Working with D1 in a Worker

export default {
  async fetch(request: Request, env: Env): Promise<Response> {
    // Parameterized query
    const user = await env.DB.prepare(
      'SELECT id, username, email FROM users WHERE id = ?'
    )
      .bind(userId)
      .first<User>();

    // Insert
    await env.DB.prepare(
      'INSERT INTO climbs (user_id, route_name, grade, notes) VALUES (?, ?, ?, ?)'
    )
      .bind(userId, routeName, grade, notes)
      .run();

    // Batch queries (single round-trip)
    const [users, climbs] = await env.DB.batch([
      env.DB.prepare('SELECT * FROM users WHERE active = 1'),
      env.DB.prepare('SELECT * FROM climbs WHERE created_at > ?').bind(since),
    ]);

    return Response.json(user);
  },
};

Transactions

const { success } = await env.DB.batch([
  env.DB.prepare('UPDATE users SET ai_quota_used = ai_quota_used + 1 WHERE id = ? AND ai_quota_used < ai_quota_limit').bind(userId),
  env.DB.prepare('INSERT INTO ai_usages (user_id, tokens_used, created_at) VALUES (?, ?, ?)').bind(userId, tokensUsed, now),
]);

batch() executes all statements within the same transaction — if any one fails, the entire batch is rolled back.

Schema and Migrations

D1 uses wrangler to manage migrations:

# Create a migration file
wrangler d1 migrations create nobodyclimb "create users table"

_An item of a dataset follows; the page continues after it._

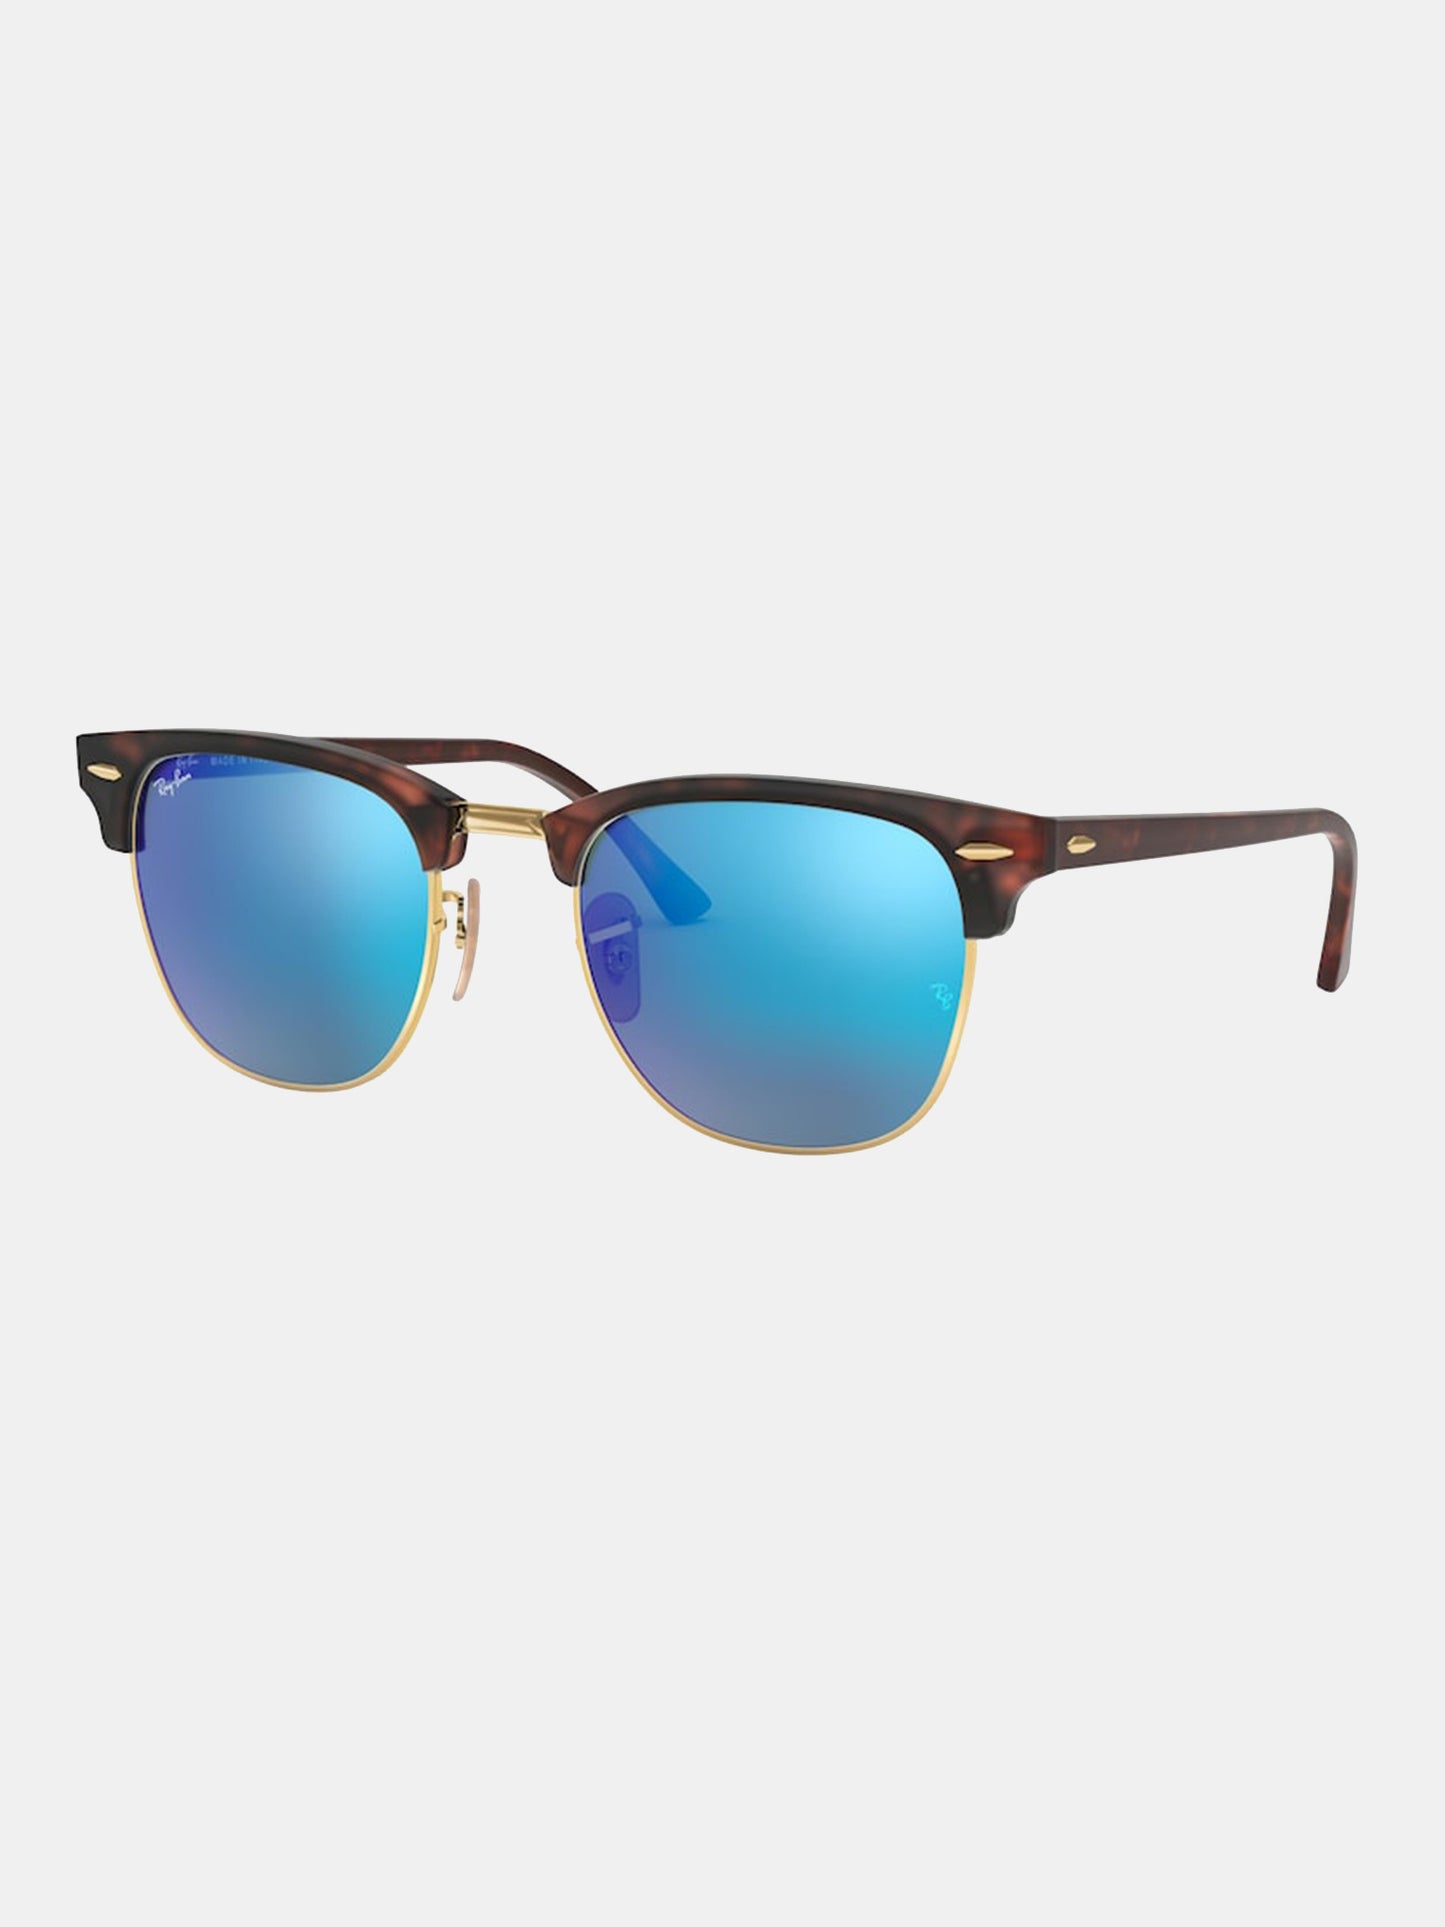 Ray-Ban Clubmaster Flash Lenses Sunglasses
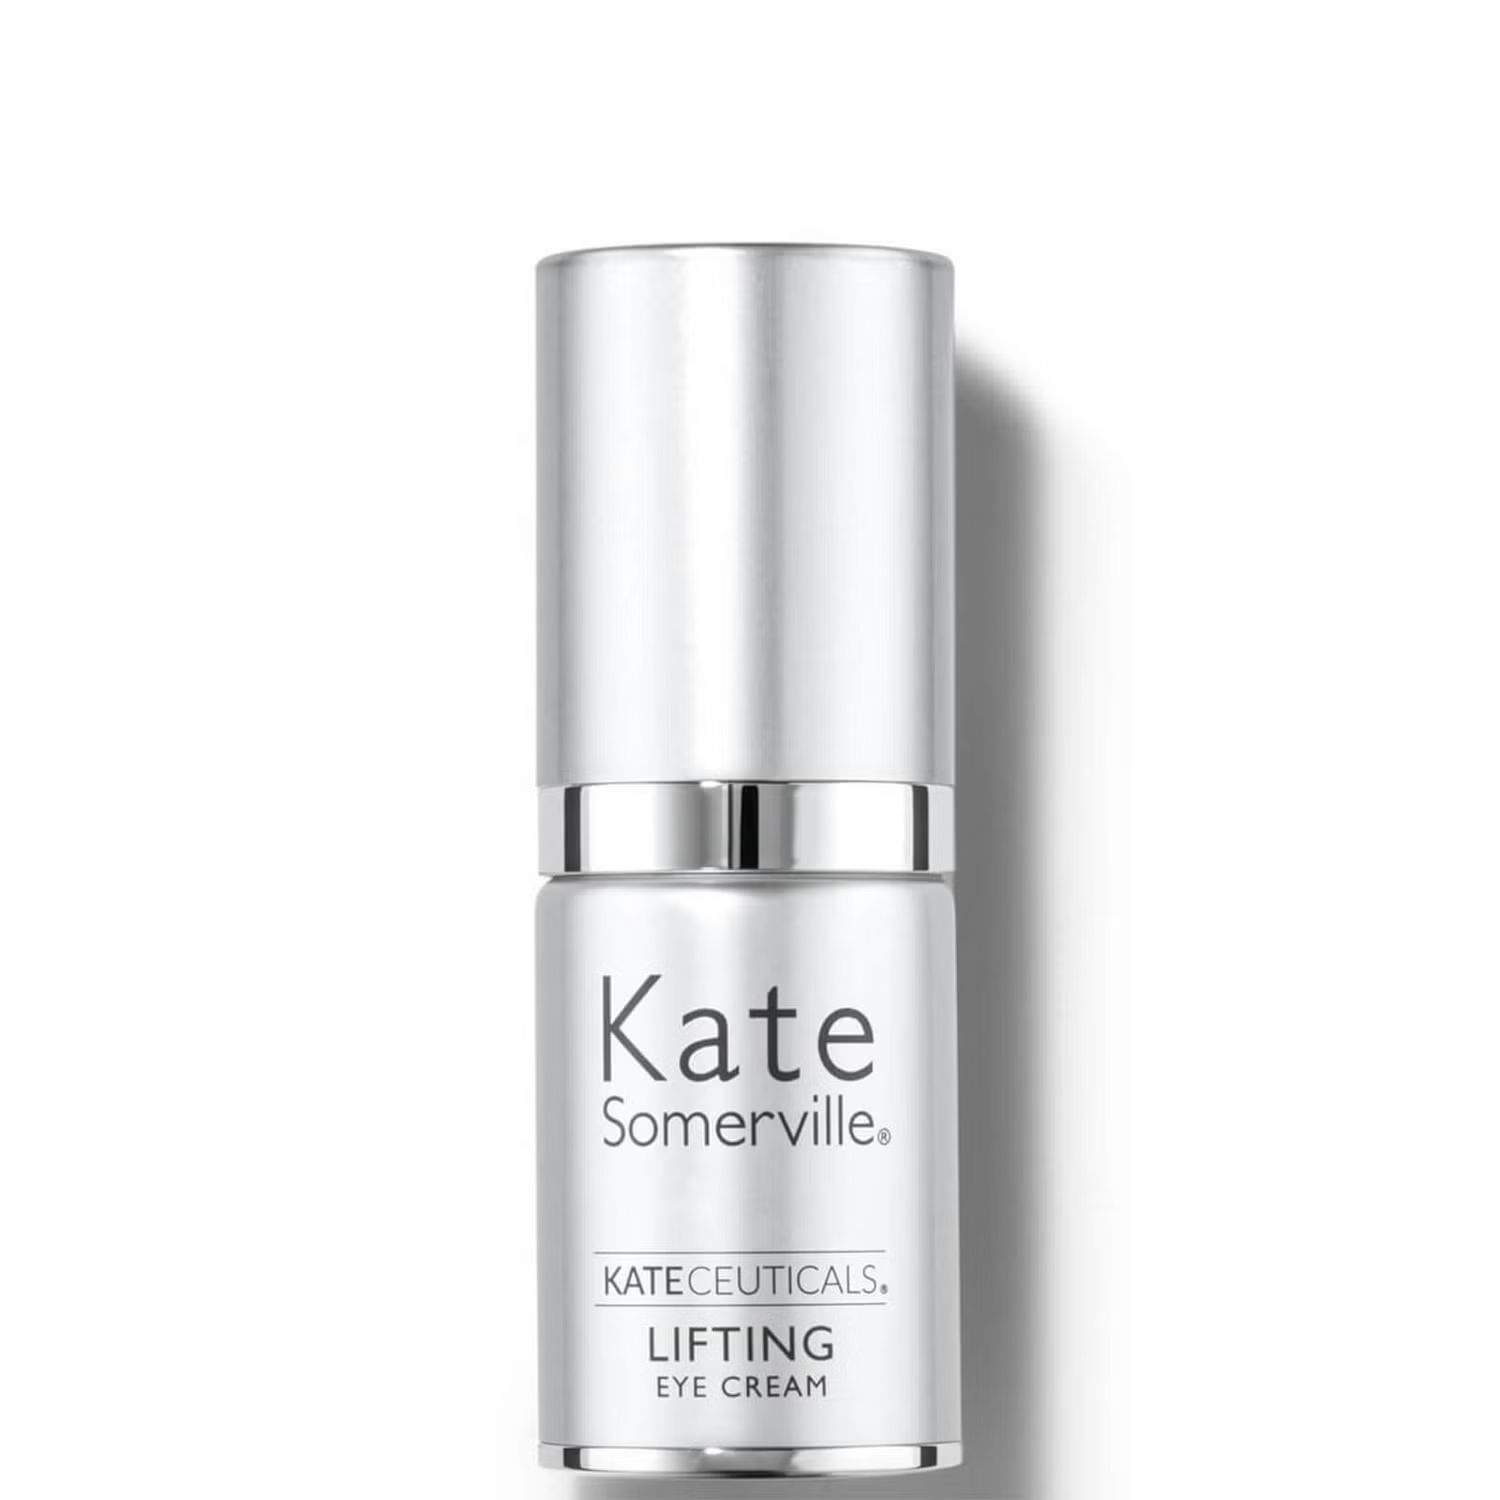 Kate Somerville KateCeuticals Lifting Eye Cream 15ml | Cult Beauty

# Apply to local dev environment
wrangler d1 migrations apply nobodyclimb --local

# Apply to production
wrangler d1 migrations apply nobodyclimb --remote

Migration files live in the migrations/ directory and are plain SQL:

-- migrations/0001_create_users.sql
CREATE TABLE IF NOT EXISTS users (
  id TEXT PRIMARY KEY,
  username TEXT NOT NULL UNIQUE,
  email TEXT NOT NULL UNIQUE,
  climber_rank TEXT NOT NULL DEFAULT 'foothill',
  ai_quota_used INTEGER NOT NULL DEFAULT 0,
  ai_quota_limit INTEGER NOT NULL DEFAULT 2,
  created_at TEXT NOT NULL DEFAULT (datetime('now'))
);

CREATE INDEX idx_users_username ON users(username);
CREATE INDEX idx_users_email ON users(email);

Wrangler maintains a d1_migrations table inside D1 to track applied versions — already-applied migrations are never re-run.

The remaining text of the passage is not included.